Ещё в феврале решительно-настроенные московские музыканты опубликовали крамольную декларацию, в которой не то жаловались, не то возмущались на подневольное художественное положение московской интеллигенции, требовали «свободы творчества… гражданских условий… изменения норм…». Наивные головотяпы! Они и «Декларацию московских музыкантов» подписали, словно собственный пожизненный приговор, а то и прилюдную казнь.
Вероятно, жгучестью речей питерских залётных агитаторов, вдоволь потешивших собравшихся на маёвку студентов, души их подпалили миражом торжества той самой справедливости и свободы… Возможно, не едали в своей жизни кислых щей… Свобода и справедливость – вилами на небе прописаны. Разночтивы и крамольны, коли вообще читаемы.
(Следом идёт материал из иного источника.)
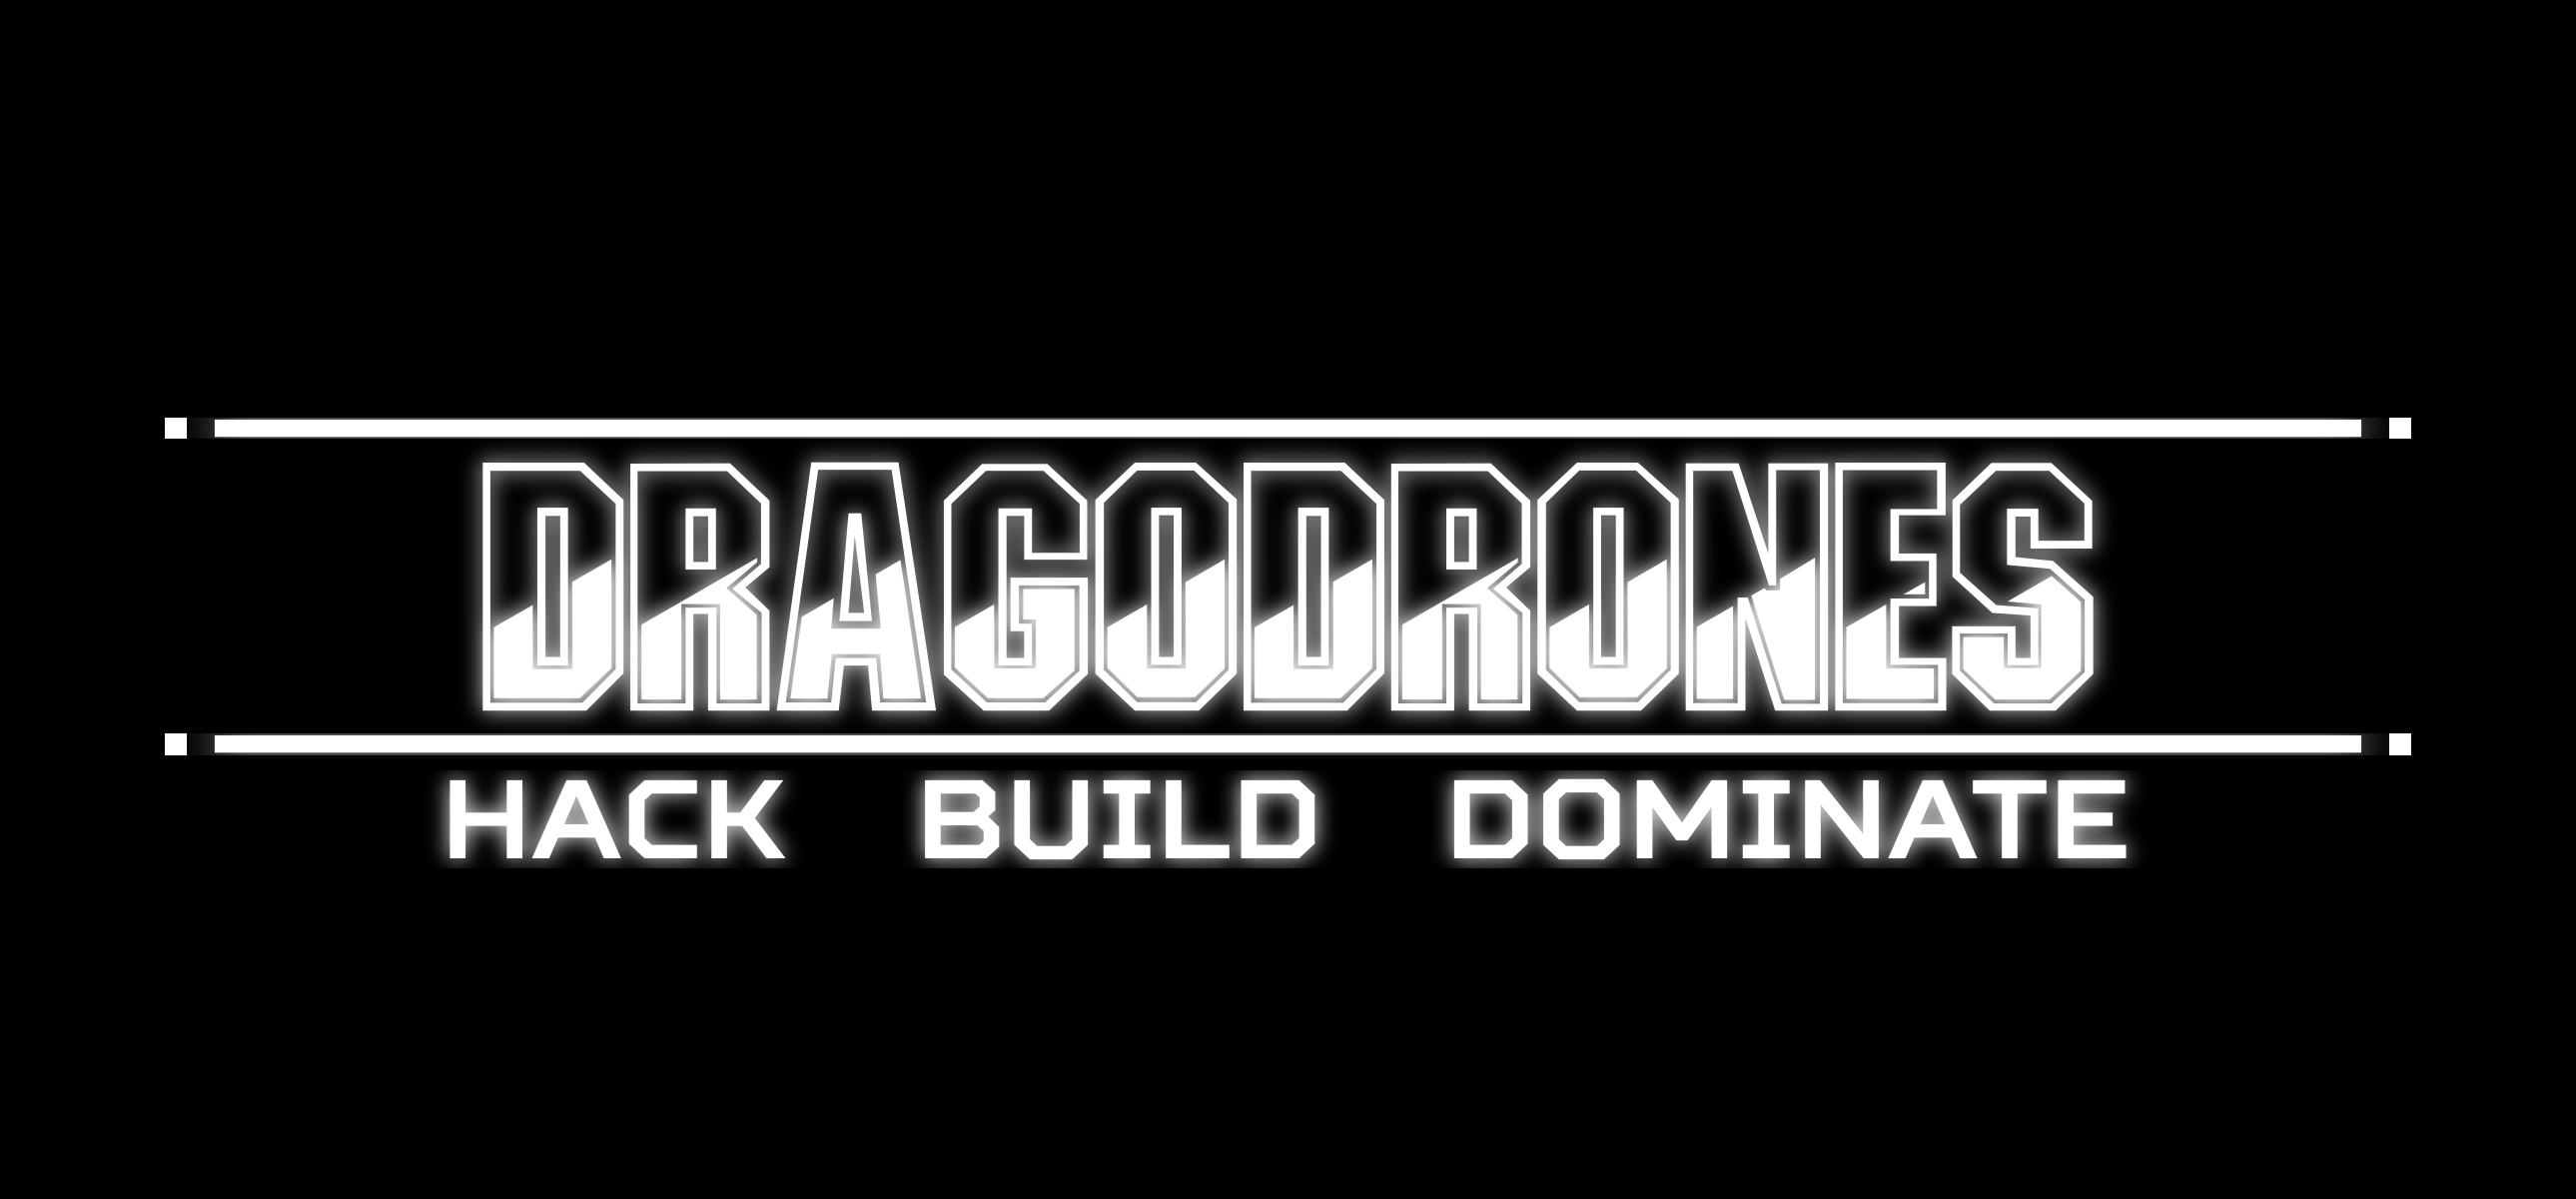 Dragodrones

Слава богу, Лазарь Саминский, по счастливому стечению обстоятельств и помощи влиятельного в узких кругах дяди Мойши, вскорости был переправлен в Питер и приткнут вольным слушателем в Петербургскую консерваторию. Об этом знал узкий круг родных, не имевших отношений с власть предержащими. Как говорится, бог миловал. Лазарь повеселел, ободрился, завел дружбу с Розовским, неистовым оптимистом и говоруном. Розовский свёл с Вуличем. Митрий Вулич – мелкий коммерсант, одухотворённая каналья – оказался надёжным протеже: ссуживал кредитами и нужными знакомствами.
Жизнь в питерских трущобах находила смягчающие краски. Саминский пробовал через родителей повлиять на отца Корнелии и получить благословение на брак. Вызнал, что зазноба понесла после первой интимной ночи, и чувствовал себя не отцом, но подлецом. Но маман наотрез отказалась обнаруживать его пребывание. Несмотря на «интересное положение» несостоявшейся невестки. Вопреки правилам чести и родовым традициям семьи.
Лазарь тосковал и мучился недолго. Вскоре поступил в консерваторию на законных основаниях. Новая интрижка с курсисткой из Бестужевки, вскружившей его шевелюристую голову не на шутку, подавила муки совести. Сашенька Выгодская, смазливая на личико и необычайно остроумная, захватила Лазаря в собственный водоворот. Манерная, вечно играющая какие-то роли, податливая на лёгкий флирт и бесцеремонная с кавалерами, она завладела всем свободным временем Саминского, его воображением и даже, казалось, душой.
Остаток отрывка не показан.